Seriously, he thought, you're the creepy one here.

"They say that you don't belong here and that you're some kind of alien."

"That's preposterous," he said cursing silently. "I'm not an alien!"

"Miss Cheerilee said that anypony who comes from a different country is called an alien."

Dr. Hooves frowned and stared at the door wishing that a customer would come and save him.

"Well yes, that's technically true," he mumbled.

"And you talk funny."

"I'm from Trottingham! This is how everypony speaks there!"

Please oh please just go away. Why can't you just act like a normal filly and not hang around in antique stores?
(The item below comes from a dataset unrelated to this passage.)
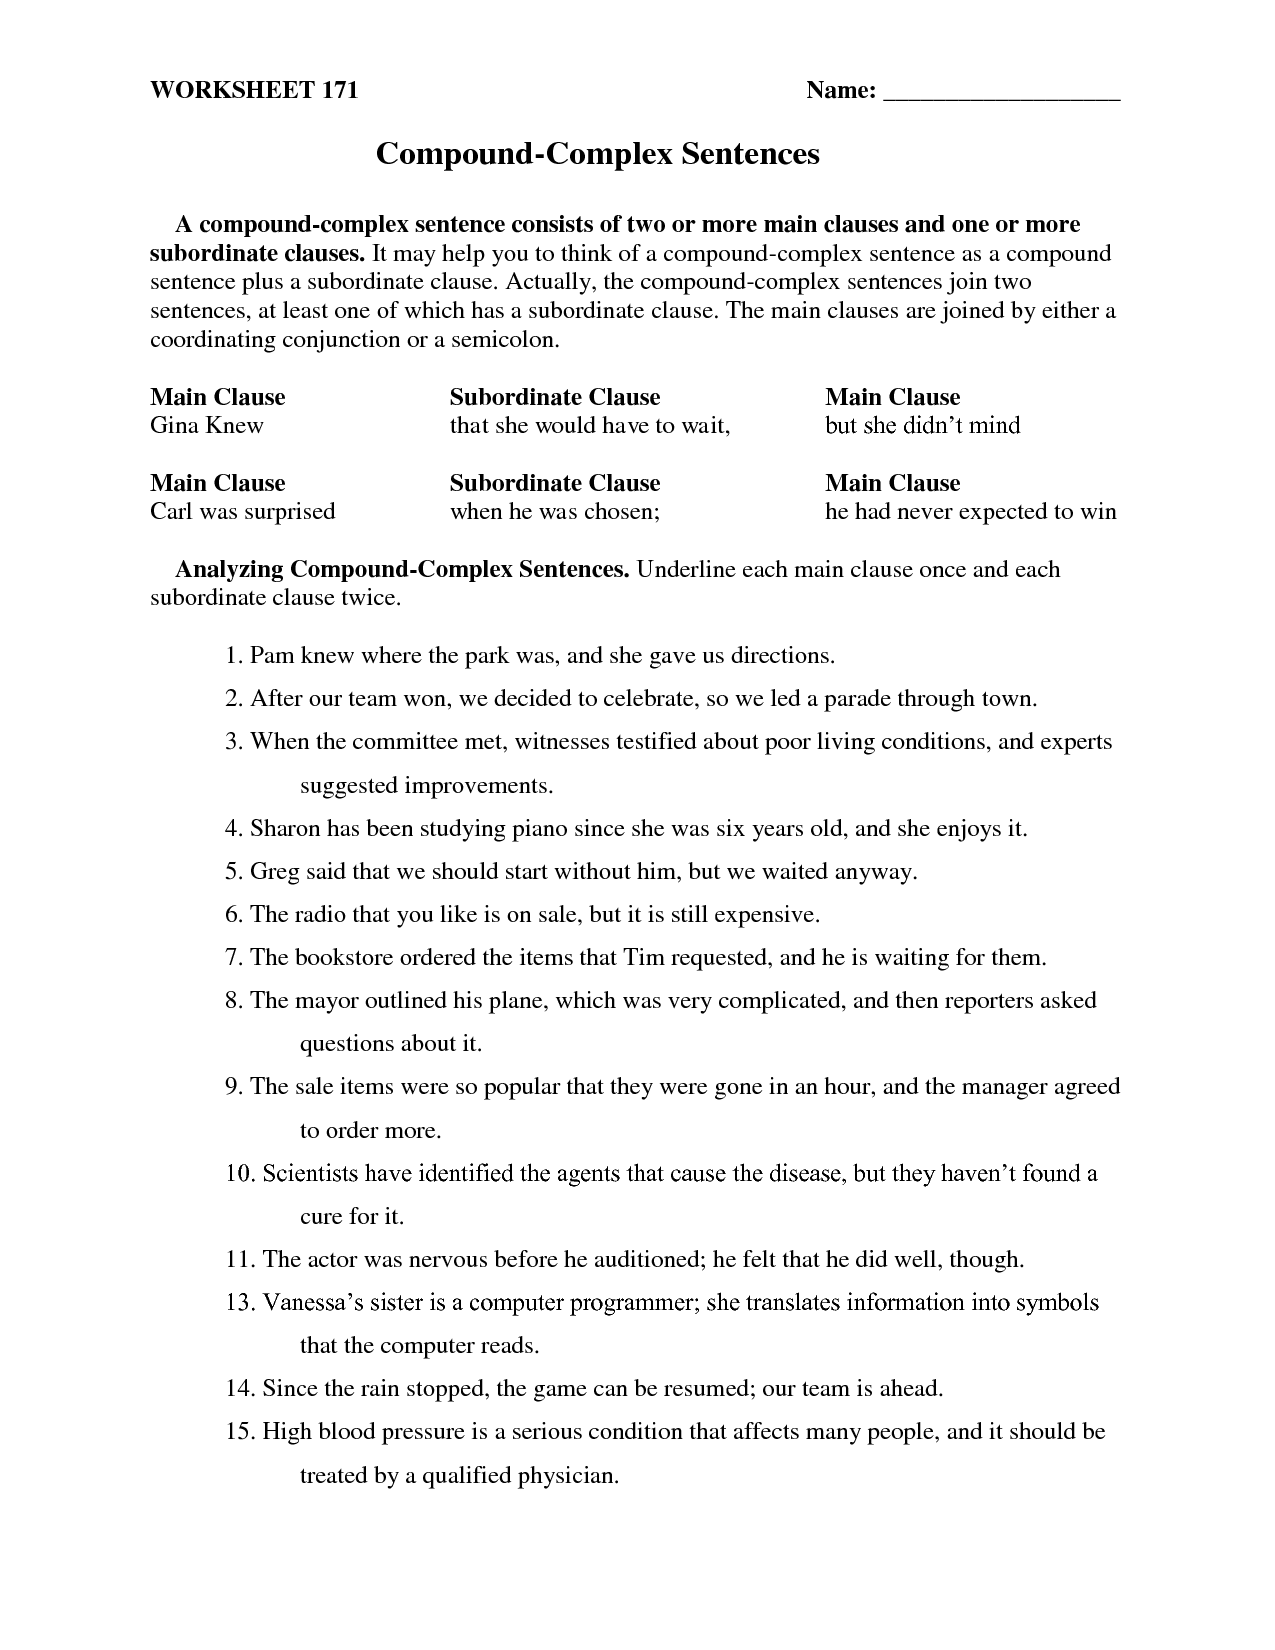 Compound Complex Sentence Worksheets Image

"That one kid's from Trottingham too," Dinky said. "The one who looks like a cow."

"Don't say such things!"

"Well he does."

"Granted he does, but you still shouldn't be rude. What will people think?"

"I don't care. If they try anything then I'll tell them I'm friends with the creepy alien guy."
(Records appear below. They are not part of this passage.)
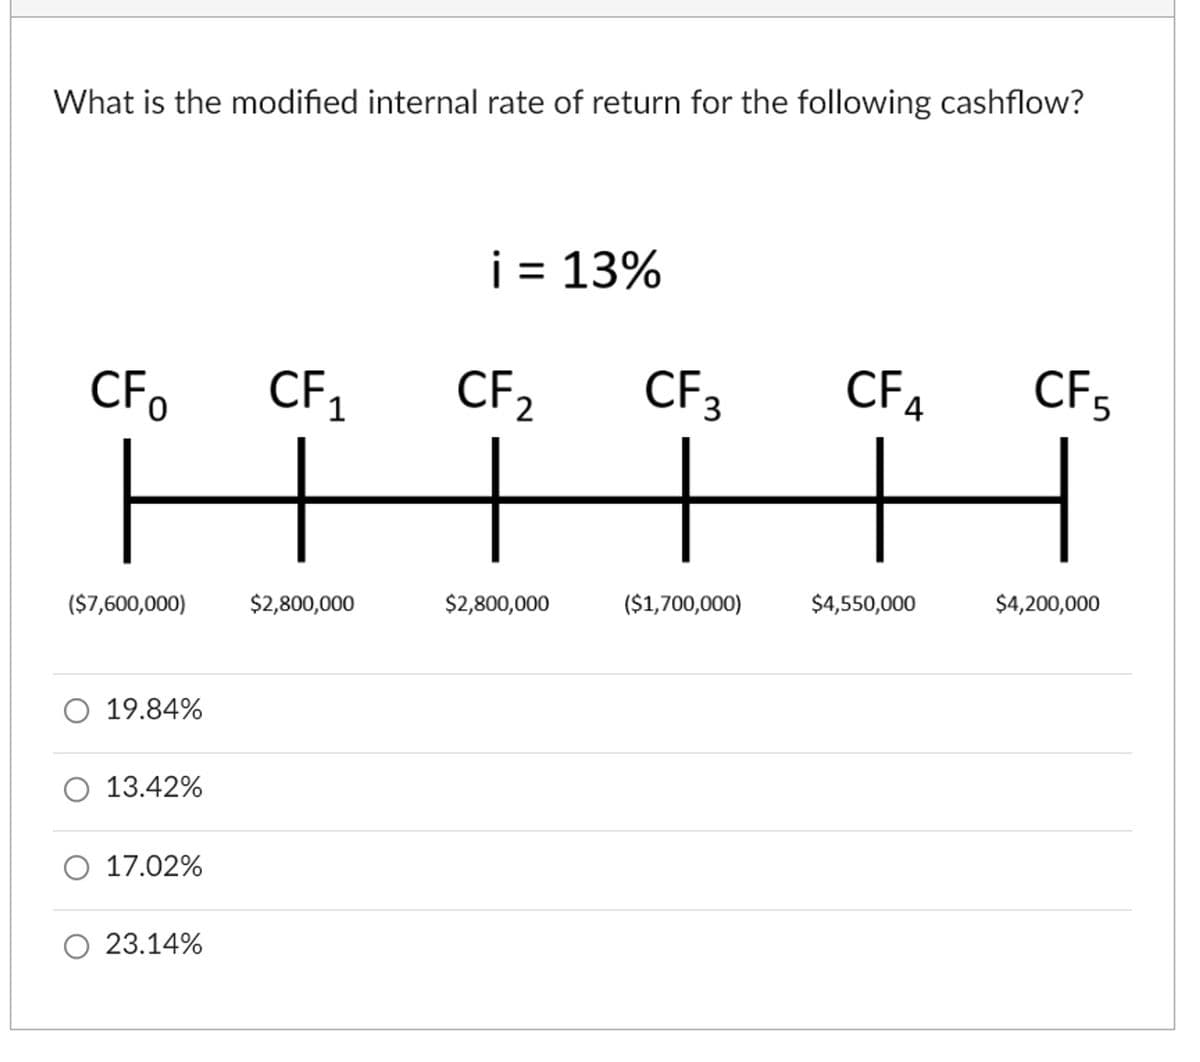 What is the modified internal rate of return for the following cashflow?
CFO
($7,600,000)
19.84%
13.42%
17.02%
23.14%
CF₁
$2,800,000
i = 13%
CF₂
$2,800,000
CF 3
($1,700,000)
CFA
$4,550,000
CF5
$4,200,000

Dr. Hooves sighed. It was obvious that the little unicorn was going nowhere.

"I don't even know what to say about that," he moaned.

"Yeah, neither did Silver Spoon."

"Does everypony think I'm creepy?"

"No, but that's because they don't know your secret."

"What secret? I don't have a secret. Who told you about a secret?"

What have I done to deserve this? Right, I know what I did but this is just cruel!

"Amethyst Star said she saw you one time with pegasus wings on. She said they were fake, but I know better. No one makes wings like that in Ponyville. You must have chopped um right off a pegasus."

Dr. Hooves gagged. "What are you talking about? You can't just say things like that!"

"Yeah I can," said Dinky coldly. "Mom says I'm allowed to because both my parents are dead."

Dr. Hooves opened his mouth but no sound came out. Even though they had been neighbors for two years, no one had ever told him. What are you supposed to say when a cute little unicorn tells you something like that so flatly? He wasn't even sure what he would say if a human child said it.

"Oh… sorry."

"That's what everyone says. I try not to do it around Mom though. She doesn't say anything but I can tell she doesn't like it when I say gross stuff. She gets all quiet. I like it better when she smiles."

Dr. Hooves thought about Derpy and her adorable eyes. He remembered how they shined when she was happy.

"Yeah, I know…" He straightened up and coughed awkwardly. "Um, I mean everypony looks better when they smile."

"You don't."

"Hey!"

"You always look like you're hiding something. I bet you got a whole evil alien lair in your basement. You're not even a real doctor!"

"I have a doctorates degree," he explained, glossing over the alien lair bit. "You can be a doctor without being a medical doctor."

"Oh yeah, where's your degree then? It must have been a pretty lame degree. You don't even have a stethoscope!"

"I don't need a stethoscope in my area of study and for your information I received my degree from the University of Canterlot."

As soon as he had said it Dr. Hooves cursed silently at himself for making such a mistake.

"That's just for unicorns," Dinky said, that cold glare returning. "You can't fool me. You must be cutting off unicorn horns too. You are that evil."

"Oh my, I think I'm going to vomit." The thought of someone butchering such innocent creatures was appalling.

"Yeah, well, I'm on to your tricks, 'Doctor' Timeturner," said Dinky as she trotted out the door. "You're not getting my horn!"